Катерина не отвечала.

– Что я не так сделал? В чем ошибся?

– Ни в чем.

– Так что же? Почему?

– Я не умею читать, – сквозь слезы выдавила Катерина и бросилась к двери.

– И только-то? Я не знал! Ты поэтому не пришла? Да? – обрадовался Александр.

Катерина обернулась и робко кивнула.

– Я хотел сказать тебе… я люблю тебя, – это и написал в письме! Я это понял тогда, у речки! А ты?

– Да.

– Правда? Не могу поверить!

– Да!

– Выйдешь за меня?

Катерина замялась.

– Я не могу.

Александр опешил:

– Отчего же? Катя, родная моя?

– Не могу, – Катерина выбежала из флигеля, еле сдерживая рыдания. «Как ему сказать про поцелуй? А что, если не поверит? Как объяснить, почему после всего осталась в усадьбе? Скажу – и что сделает? Поссорится с Николаем? Уедет и потеряет свое место? За что ему такая любовь?»



Утром Александр бросил камешек в окно детской. Катерина выглянула и, накинув на плечи шаль, вышла на крыльцо. Его волосы были взъерошены, под глазами синело.

– Я должен поговорить с тобой, Катя.

– Но вчера…

– Ты действительно любишь меня, как сказала мне?

– Да.

– И не хочешь выйти за меня?

– Прости меня.

Александр не сдавался:

– Может, это потому, что ты не знаешь меня? Или думаешь, что обманываю и не женюсь на тебе, потому что ты крестьянка? Так послушай: когда мне исполнилось пять лет, мать моя умерла, и отец женился на другой. Мачеха нас сразу возненавидела, меня и брата, а отец колотил всех без разбору. Я только и ждал дня, когда уеду оттуда. И еще решил, что не хочу стать как отец. Не хочу быть купцом. Никогда не вернусь туда. Поэтому я здесь. Все построю заново, всю жизнь. И для этого мне нужна ты, понимаешь?

– Я? Именно я?

– Что же не так? Ты засватана?

– Нет, совсем нет!

– Почему же мучаешь меня?

– Прости меня, прости!

– Ты скучаешь по родителям и хочешь вернуться домой?
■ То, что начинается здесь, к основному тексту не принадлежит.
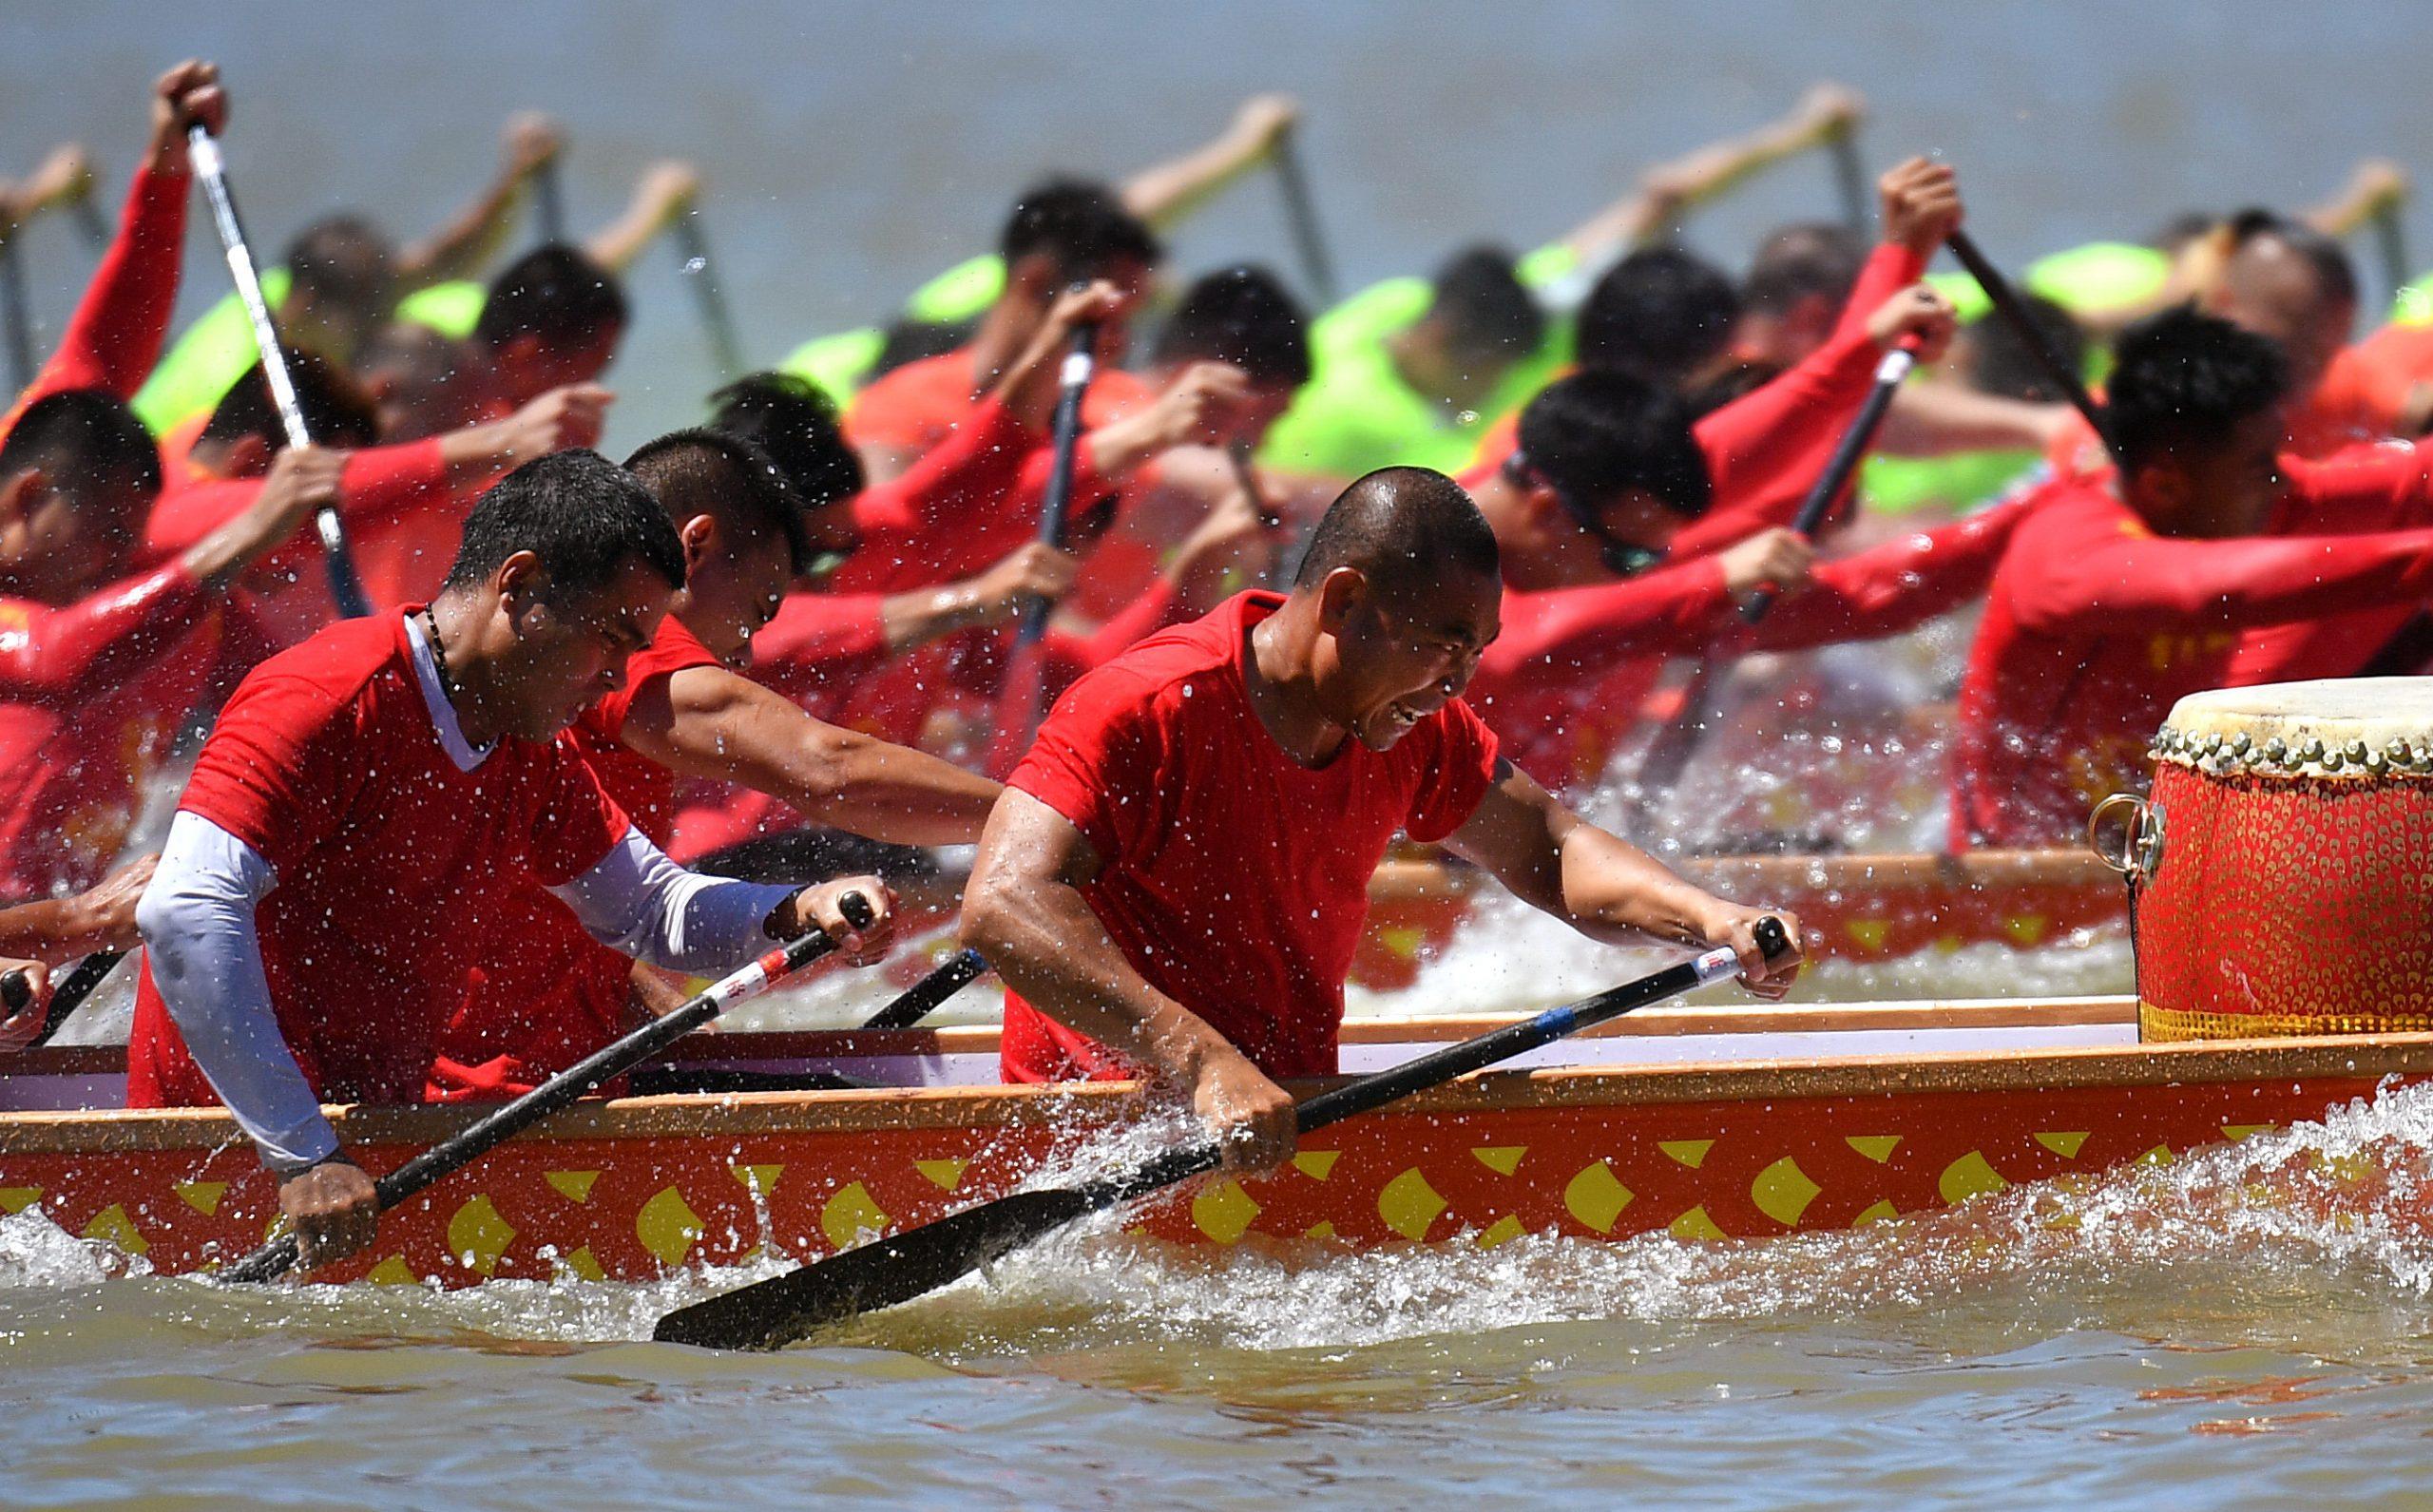 Suspenden carreras de botes de dragón en Guizhou en medio de pandemia

– Нет, ни за что не хочу возвращаться, я там чужая.

– Тогда выходи за меня. У нас будет своя семья. Ты никогда больше не почувствуешь себя ни чужой, ни одинокой. Я позабочусь о тебе. Ты согласна?

Катерина помолчала.

– Если ты уверен, что готов любить меня до самой смерти и никогда ни в чем не упрекнешь…

– Да!

– Тогда да – согласна.

– Господи, как я счастлив! Я должен всем рассказать! – Александр поцеловал Катерину в лоб и, чуть помедлив, неловко, бережно прикоснулся к ее губам. Катерина потянулась к нему, прильнула. Его губы были мягкими, нежными, по-мальчишески робкими. Катерина затрепетала в ожидании, но Александр еще раз осторожно, невесомо поцеловал ее и отстранился:

– Как я счастлив, одному Богу известно, – прошептал он.
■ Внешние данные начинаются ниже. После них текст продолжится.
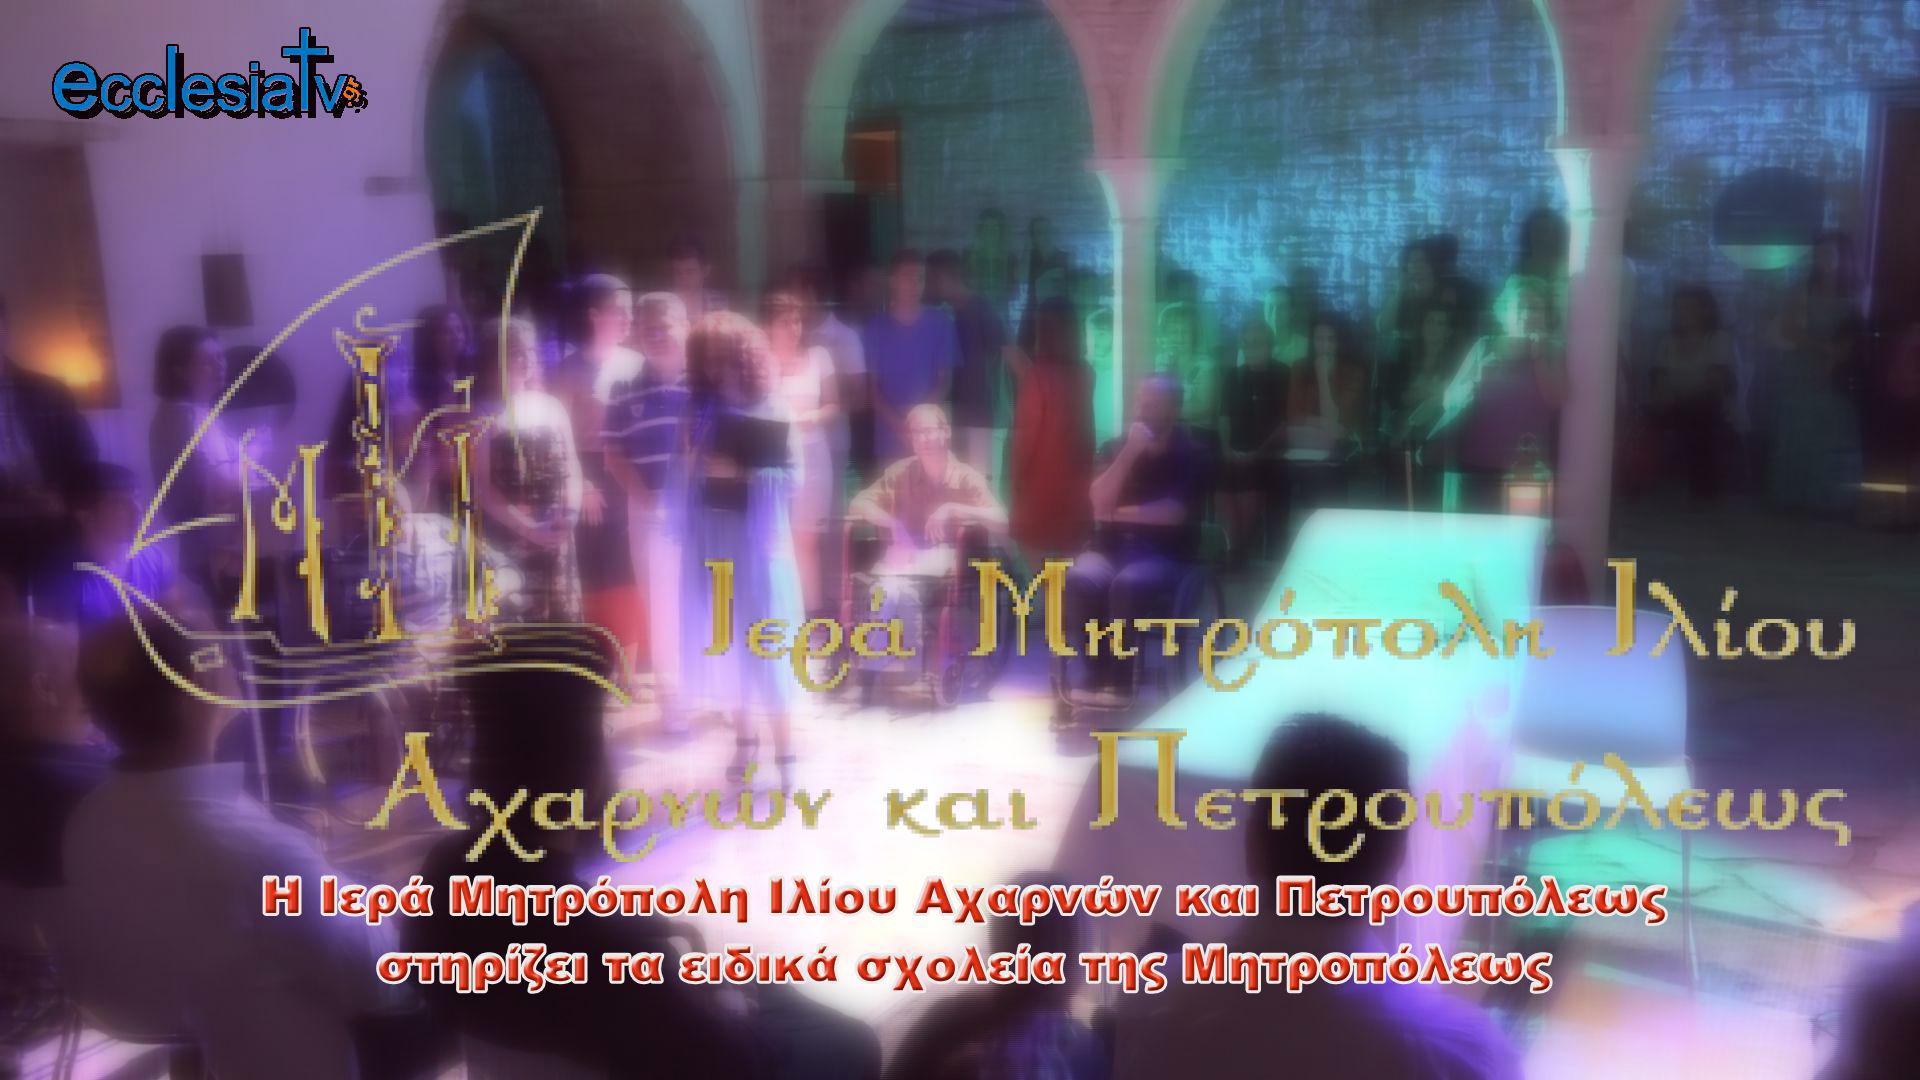 Η Ιερά Μητρόπολη Ιλίου Αχαρνών και Πετρουπόλεως στηρίζει τα ειδικά σχολεία της Μητροπόλεως ''Με τ` ουρανού την αύρα και το φως''

«Да, это правильно – страстно целоваться до свадьбы грешно», – успокоила себя Катерина. Ее неприятно кольнуло воспоминание о горячих поцелуях Николая.

– Постой, а как же Вера? – опомнилась Катерина.

– Вера?

– Я думала, у вас с ней чувства, ты нравишься ей.
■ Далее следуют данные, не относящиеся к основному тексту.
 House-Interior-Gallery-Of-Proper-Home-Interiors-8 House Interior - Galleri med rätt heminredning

– Что ты! Вера и Петр давно влюблены друг в друга, но не могут в этом сознаться, боятся скандала: она дворянка, а он бывший крестьянин, потомок крепостных. Петр Петрович мне друг и доверил свой секрет. Поэтому Вера так ласково со мной разговаривает.

– Я тоже сохраню этот секрет.

– Ты самая чистая, невинная девушка на всем белом свете!



Николай с Александром стали приятелями. Николай мог запросто вечерком зайти во флигель с бутылкой вина. Оба начитанные, хорошо знали Москву и, несмотря на разницу положений, нередко бывали в одних и тех же местах. Общей у них была и любовь к Катерине, но об этом Александр не догадывался. Николаю же это обстоятельство нисколько не мешало дружить с Александром и даже привязаться к нему.

Этим же утром Александр вместе с Николаем поехал объезжать владения.

Поля стояли серо-желтыми от сухого распластанного по ним сена. Бабы, подоткнув исподние юбки, ворошили прелую траву деревянными граблями. Мужики вдалеке косили, время от времени останавливаясь и смачно поплевывая на мозолистые руки. Сладко пахло сухостоем.

– А я на Кате женюсь! – гордо заявил Александр.

– Быстро же ты, – изумился Николай, не заметив, как съезжает с межи в поле. – Поздравляю.

Николай подумал: «Ведь совсем недавно Катерина и Александр обижались друг на друга. Как же они так быстро все сладили? Когда?»

«Господи, за что ему? Ему, а не мне?» – думал Николай, пряча за улыбкой гримасу отчаяния.

– Счастливчик… И когда же свадьба?

– Я бы прямо сейчас! Но сначала письмо отцу написать надо – благословение получить.

– Да, это правильно.

– Вот хочу земли у вас под хутор купить, десятин тридцать. Я все обдумал – в Крестьянском банке ссуду возьму.

Николай усмехнулся:

– Ты и место уж, наверное, присмотрел?

– А то как же! Между Берновом и Павловским, на высоком берегу, где переправа. Продадите?

– Почему ж не продать? Другому бы подумал. А тебе – бери!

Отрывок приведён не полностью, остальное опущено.